Updating instance groups to use a new Spark version

When a new (higher) Apache Spark version becomes available, upon adding it to your system to use it with IBM® Spectrum Conductor, you can then update existing instance groups to use the new Spark version.

Before you begin

  • You must be a cluster administrator, consumer administrator, or have the Instance Groups Configure permission.
  • The new Spark version that you want to associate with your existing instance groups must be installed on the system (see Adding Spark versions).
  • The instance group must be in the Registered, Ready, Register Error, or Deploy Error state. If the instance group is running workload, stop the instance group and all associated notebooks before you update it. See Stopping instance groups and Stopping notebooks in an instance group.
  • Upgrading the Spark version is a permanent change to your instance group. Once upgraded, you cannot roll back the upgrade to downgrade the Spark version for the instance group. As a best practice, before you upgrade your instance group on production, back up necessary assets and test application compatibility before you configure it with the new Spark version:
    1. The new Spark version must be higher than the current Spark version, support all notebooks enabled for, and all data connectors configured for, the existing instance group.
    2. Upgrading the Spark version for an existing instance group removes all the logs under the current instance group deployment directory. To retain theses logs, back them up prior to upgrading the Spark version for the instance group.
    3. The Spark version upgrade can introduce new configuration parameters or new default values to existing parameters. Review the configuration for the new Spark version prior to upgrading a instance group to use it.
    4. If you deploy a notebook with its base data directory configured within the instance group deployment directory, the Spark version upgrade undeploys the current Spark version, and removes that directory. Back up this directory to a location outside of the instance group deployment directory prior to upgrading the Spark version for the instance group. Upon upgrading the Spark version for the instance group, you can restore this directory.

      To avoid this step during future Spark version upgrades, reconfigure the base data directory for all notebooks to a location outside of the instance group deployment directory. You can complete this at the same time as the Spark version upgrade for the instance group, or as a separate step before or after the upgrade.

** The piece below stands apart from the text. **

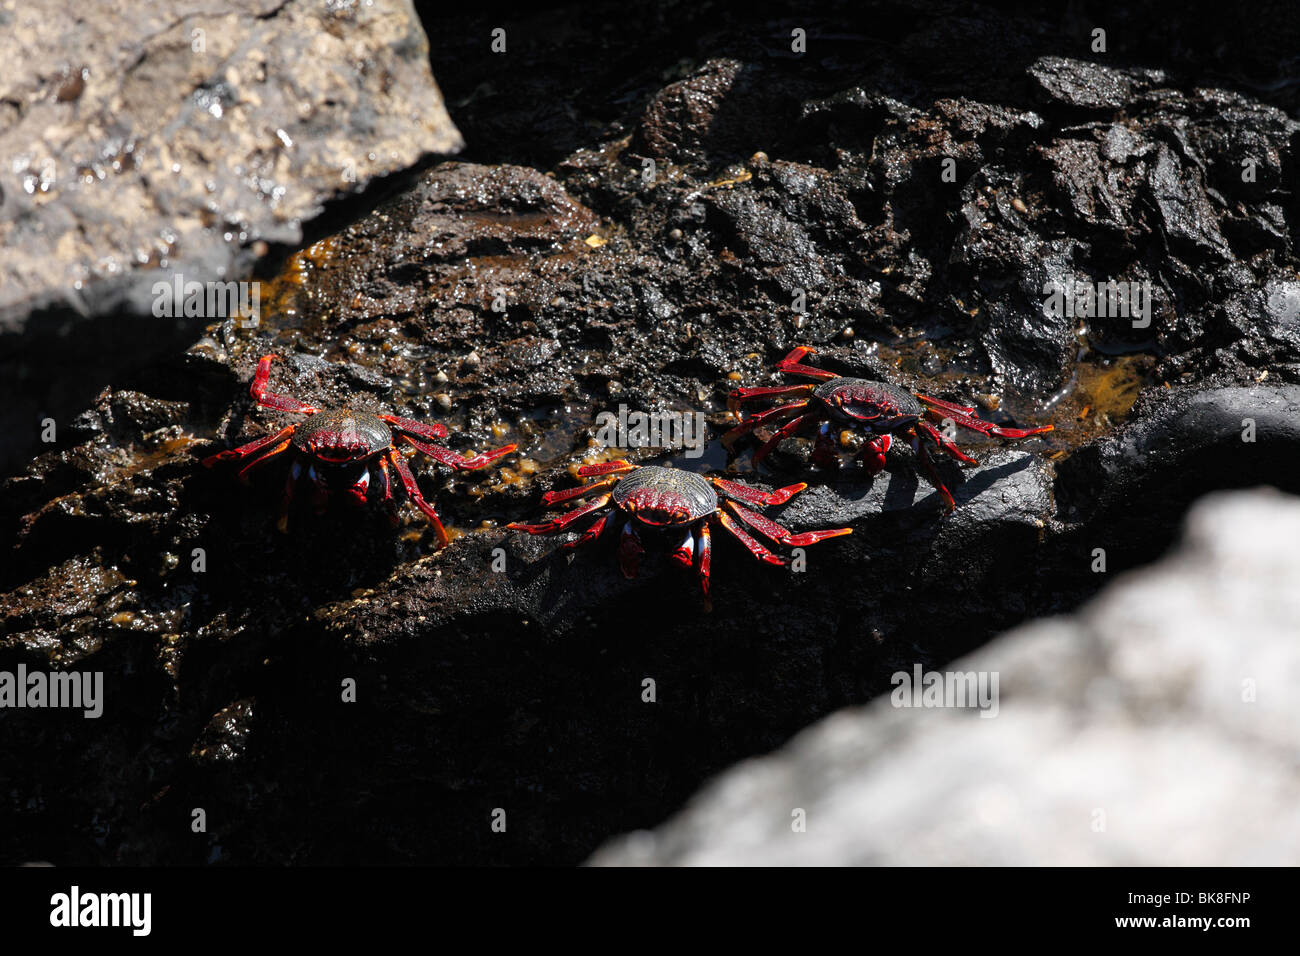 Les crabes rouges, La Palma, Canary Islands, Spain Banque D'Images

    5. Create a test instance group to test application on the new Spark version. Either create a new instance group, or copy an existing one to a template and create a new instance group from that template.

      Upon testing your applications and verifying on the new Spark version using the test instance group, you can stop the production instance group and configure it to use the new Spark version.

Procedure

  1. From the cluster management console, select Workload > Instance Groups.
  2. Select the instance group that you want to use the upgraded Spark version, and click Configure.
  3. The Spark configuration list shows all available Spark versions to use with the instance group. (If newer Spark versions are available but are incompatible with the instance group's notebooks, data connectors, or both, the system prompts with a message indicating this.)

    Select the Spark version to which you want the instance group to use.

  4. The system prompts you with a reminder that upgrading the Spark version for an existing instance group is a permanent change and describes the necessary testing and backup activities you should complete before upgrading. Review this information and select the check box to proceed.
  5. Click Modify Instance Group.

Results

Your instance group is now updated to uses the newer Spark version.

What to do next

  1. Start the instance group. See Starting instance groups.
  2. Test your applications on the upgraded Spark version using the test instance group that you created before the upgrade. Once satisfied, stop the production instance group and configure it to use the new Spark version.
  3. If you backed up the base data directory to a location outside of the instance group deployment directory prior to upgrading the Spark version for the instance group, restore this directory for use with the upgraded Spark version.